Suatu hari, ada seekor ayam hitam naik ke atas lumbung. Ayam itu mengais-ais padi di atas permukaan lumbung tersebut. Lalu, Putri Bungsu mengusir ayam itu. Tiba-tiba, matanya tertuju pada sebuah bumbung bambu. Dibukalah bumbung itu dan ia menemukan selendangnya berada di dalam bumbung itu. Ia pun merasa senang namun, ia juga merasa kecewa kepada suaminya.
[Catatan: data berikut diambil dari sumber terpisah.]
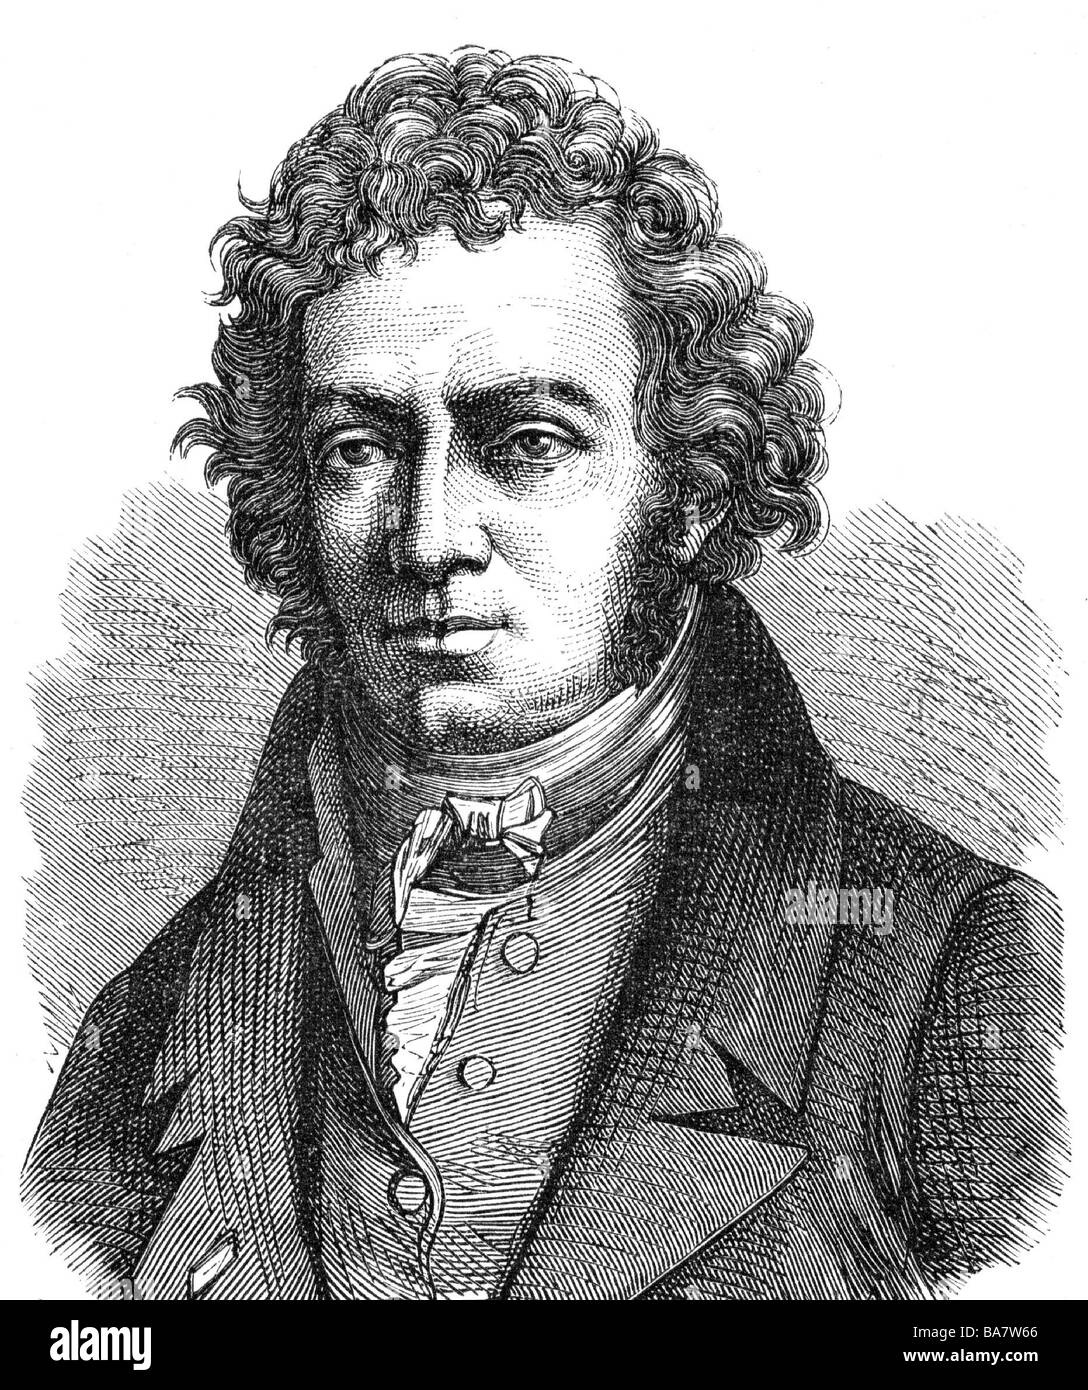 Ampère, Andre, 22.1.1775 - 10.6.1836, scientifique français (physicien et mathématicien), portrait, gravure sur bois, XIXe siècle, Banque D'Images

Datu Awang Sukma yang melihat kejadian itu pun terpana. Kemudian, ia mendekat ke Putri Bungsu dan meminta maaf kepadanya. Namun, semua itu sia-sia. Putri Bungsu telah membulatkan tekadnya untuk kembali ke Kahyangan. Lalu, Putri Bungsu segera mengenakan selendangnya dan terbang ke Kahyangan. Sebelum pergi, Putri Bungsu berpesan kepada Datu Awang Sukma bahwa ketika anak mereka rindu kepadanya, Datu Awang Sukma dapat memanggilnya dengan cara menaruh tujuh buah biji kemiri ke dalam bakul yang digocangkan kemudian diiringi alunan seruling.

~Selesai~

Indonesia merupakan negara yang memiliki keanekaragaman budaya yang patut dilestarikan. Salah satunya adalah cerita rakyat. Setiap daerah di Indonesia memiliki cerita rakyat yang berbeda-beda. Semua itu tergantung terhadap kebudayaan dan kebiasaan yang lahir dan tumbuh di daerah tersebut. Seperti halnya cerita Jaka Tarub dan cerita Telaga Bidadari. Cerita ini berasal dari daerah yang berbeda, namun ada beberapa hal yang sama dari cerita tersebut. Sebenarnya, bukan hanya cerita Jaka Tarub dan Telaga Bidadari namun masih ada beberapa cerita yang sama dengan cerita tersebut seperti cerita Aryo Menak dan  Asal Mula Botu Liodu Lei Lahilote.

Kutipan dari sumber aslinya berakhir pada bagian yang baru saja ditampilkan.